Joe Damato posted 12 patches 3 weeks, 4 days ago
There is a newer version of this series
drivers/net/ethernet/broadcom/bnxt/Makefile   |   2 +-
drivers/net/ethernet/broadcom/bnxt/bnxt.c     | 177 +++++++++++---
drivers/net/ethernet/broadcom/bnxt/bnxt.h     |  29 +++
.../net/ethernet/broadcom/bnxt/bnxt_ethtool.c |  19 +-
drivers/net/ethernet/broadcom/bnxt/bnxt_gso.c | 230 ++++++++++++++++++
drivers/net/ethernet/broadcom/bnxt/bnxt_gso.h |  31 +++
drivers/net/netdevsim/netdev.c                | 100 +++++++-
include/net/tso.h                             |  42 ++++
net/core/tso.c                                | 165 +++++++++++++
tools/testing/selftests/drivers/net/Makefile  |   1 +
tools/testing/selftests/drivers/net/uso.py    |  87 +++++++
11 files changed, 843 insertions(+), 40 deletions(-)
create mode 100644 drivers/net/ethernet/broadcom/bnxt/bnxt_gso.c
create mode 100644 drivers/net/ethernet/broadcom/bnxt/bnxt_gso.h
create mode 100755 tools/testing/selftests/drivers/net/uso.py
[RFC net-next v2 00/12] Add TSO map-once DMA helpers and bnxt SW USO support
Posted by Joe Damato 3 weeks, 4 days ago
Greetings:

This series extends net/tso to add a data structure and some helpers allowing
drivers to DMA map headers and packet payloads a single time. The helpers can
then be used to reference slices of shared mapping for each segment. This
helps to avoid the cost of repeated DMA mappings, especially on systems which
use an IOMMU. N per-packet DMA maps are replaced with a single map for the
entire GSO skb.

The added helpers are then used in bnxt to add support for software UDP
Segmentation Offloading (SW USO) for older bnxt devices which do not have
support for USO in hardware. Since the helpers are generic, other drivers
can be extended similarly.

Testing on a production UDP workload shows a ~4x reduction in DMA mapping
calls at the same wire packet rate.

Special care is taken to make bnxt ethtool operations work correctly: the ring
size cannot be reduced below a minimum threshold while USO is enabled and
growing the ring automatically re-enables USO if it was previously blocked.

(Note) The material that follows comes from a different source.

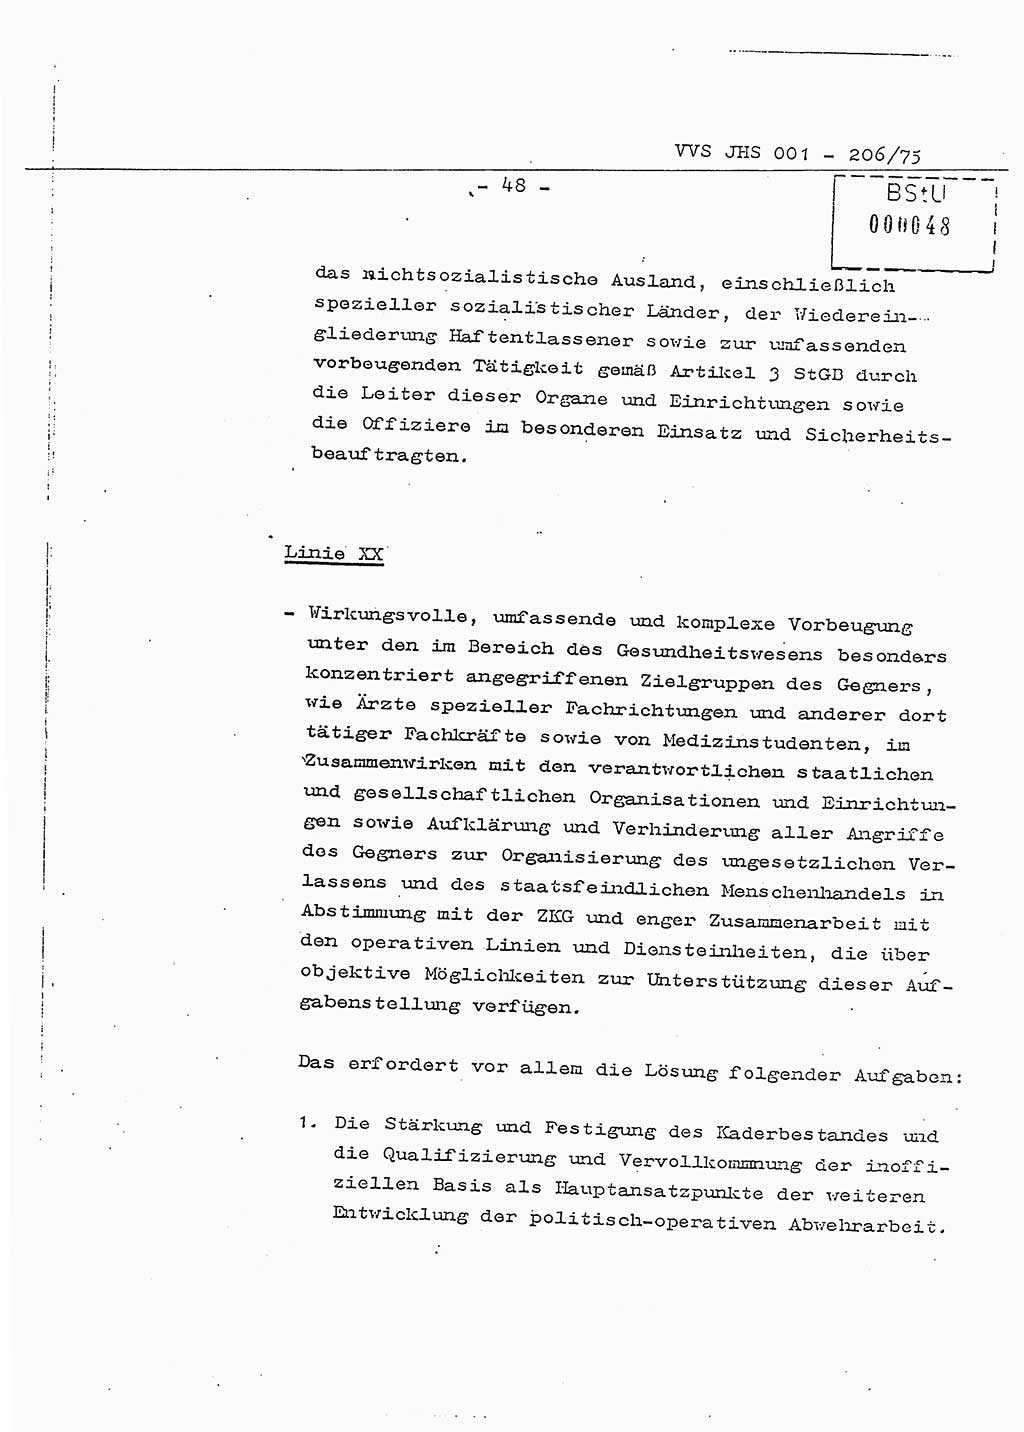 Dissertation Generalmajor Manfred Hummitzsch (Leiter der BV Leipzig), Generalmajor Heinz Fiedler (HA Ⅵ), Oberst Rolf Fister (HA Ⅸ), Ministerium für Staatssicherheit (MfS) [Deutsche Demokratische Republik (DDR)], Juristische Hochschule (JHS), Vertrauliche Verschlußsache (VVS) 001-206/75, Potsdam 1975, Seite 48 (Diss. MfS DDR JHS VVS 001-206/75 1975, S. 48)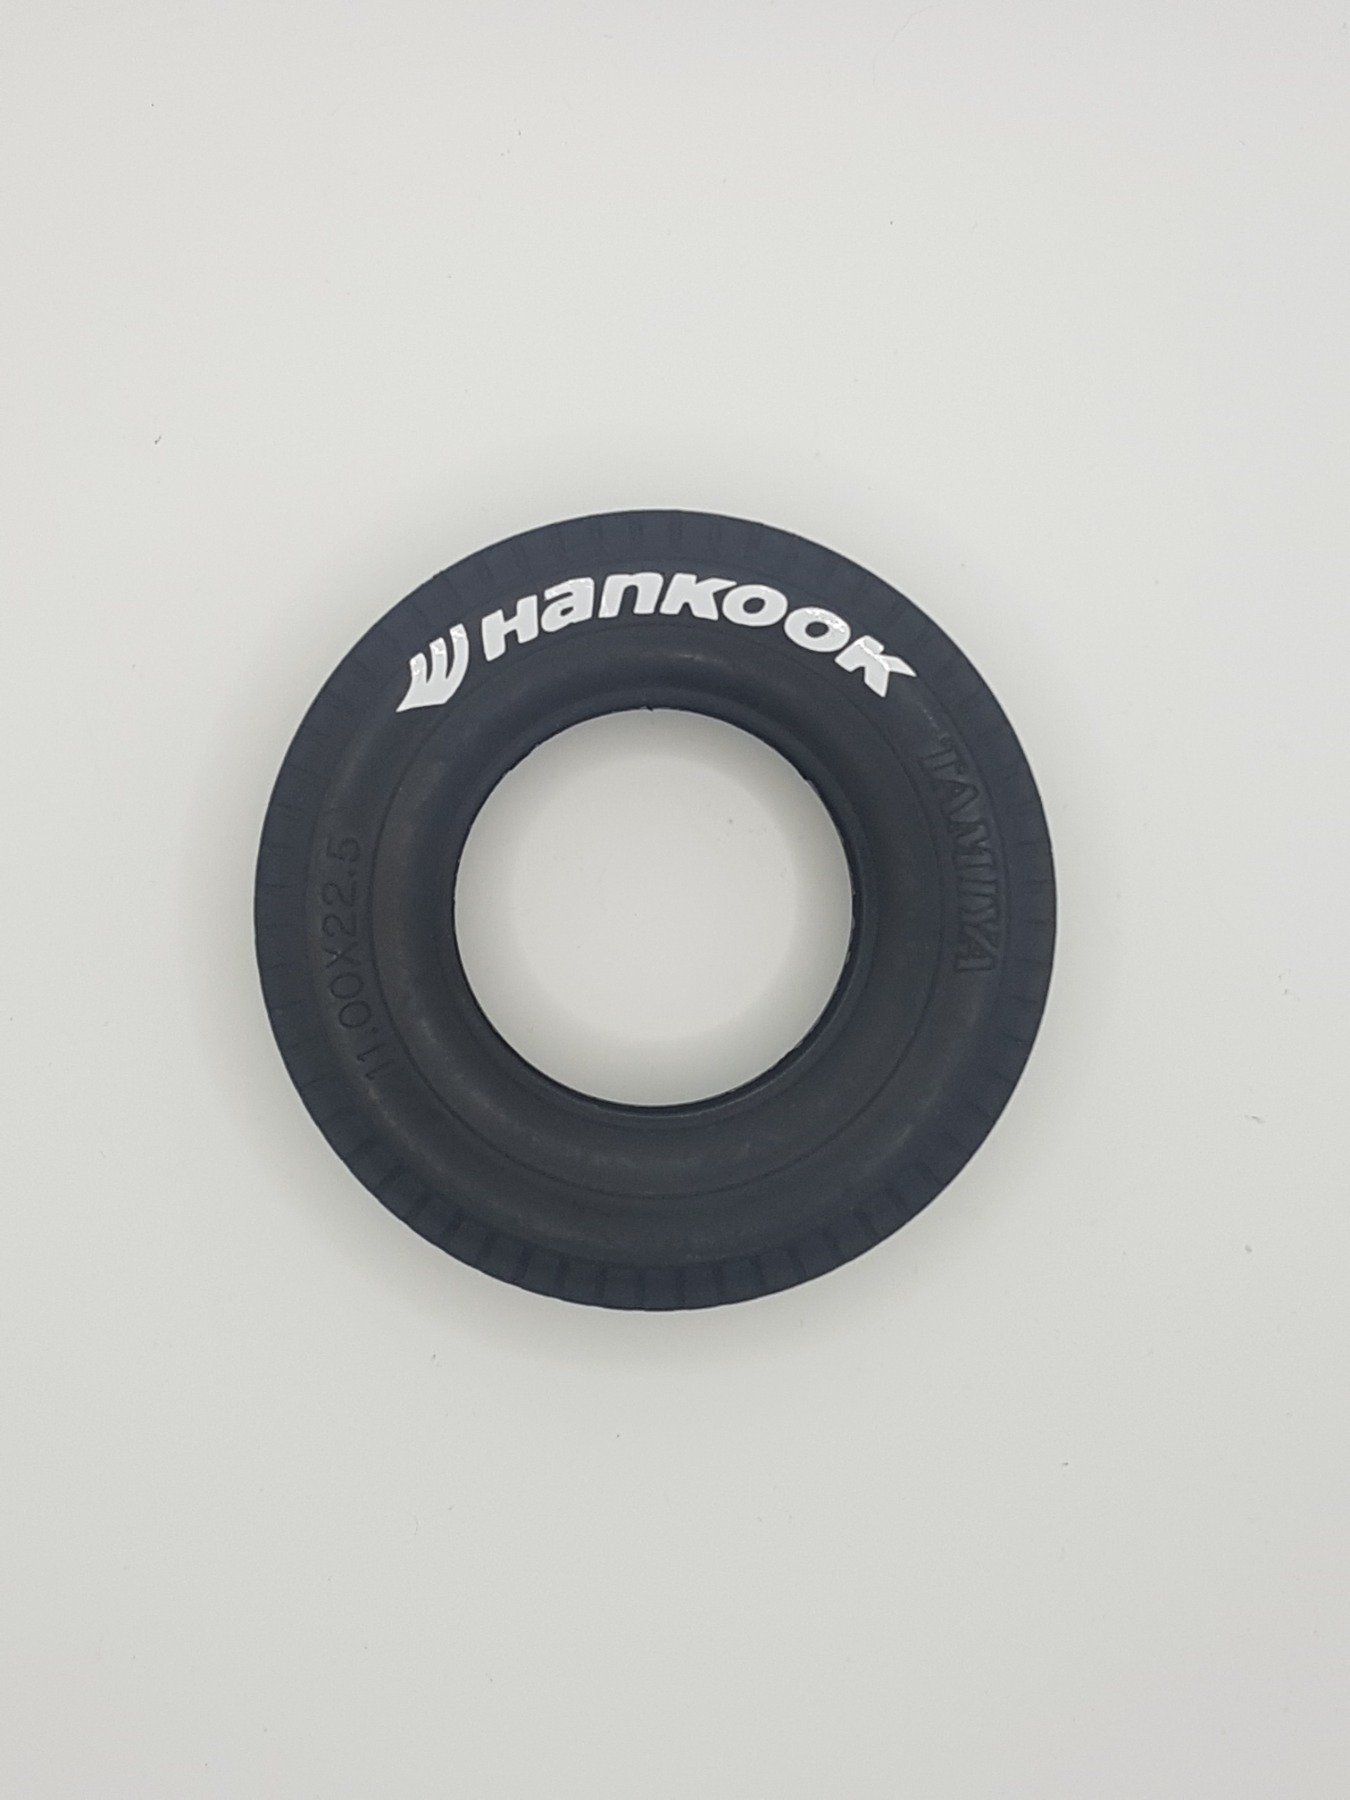 Reifenaufkleber Hankook für RC Lkw (Tamiya, Carson) - Maßstab 1:14, Online  Shop

I've extended netdevsim to have support for SW USO, but I used
tso_build_hdr/tso_build_data in netdevsim because I couldn't figure out if
there was a way to test the DMA helpers added by this series. If anyone has
suggestions, let me know. I think to test the DMA helpers you probably need
to use real hardware.

I ran the added uso.py test on both netdevsim and a real bnxt and the test
passed. I've also let this run in a production environment for ~24 hours.

Thanks,
Joe

RFCv2:
  - Some bugs were discovered shortly after sending: incorrect handling of the
    shared header space and a bug in the unmap path in the TX completion.
    Sorry about that; I was more careful this time.
  - On that note: this rfc includes a test.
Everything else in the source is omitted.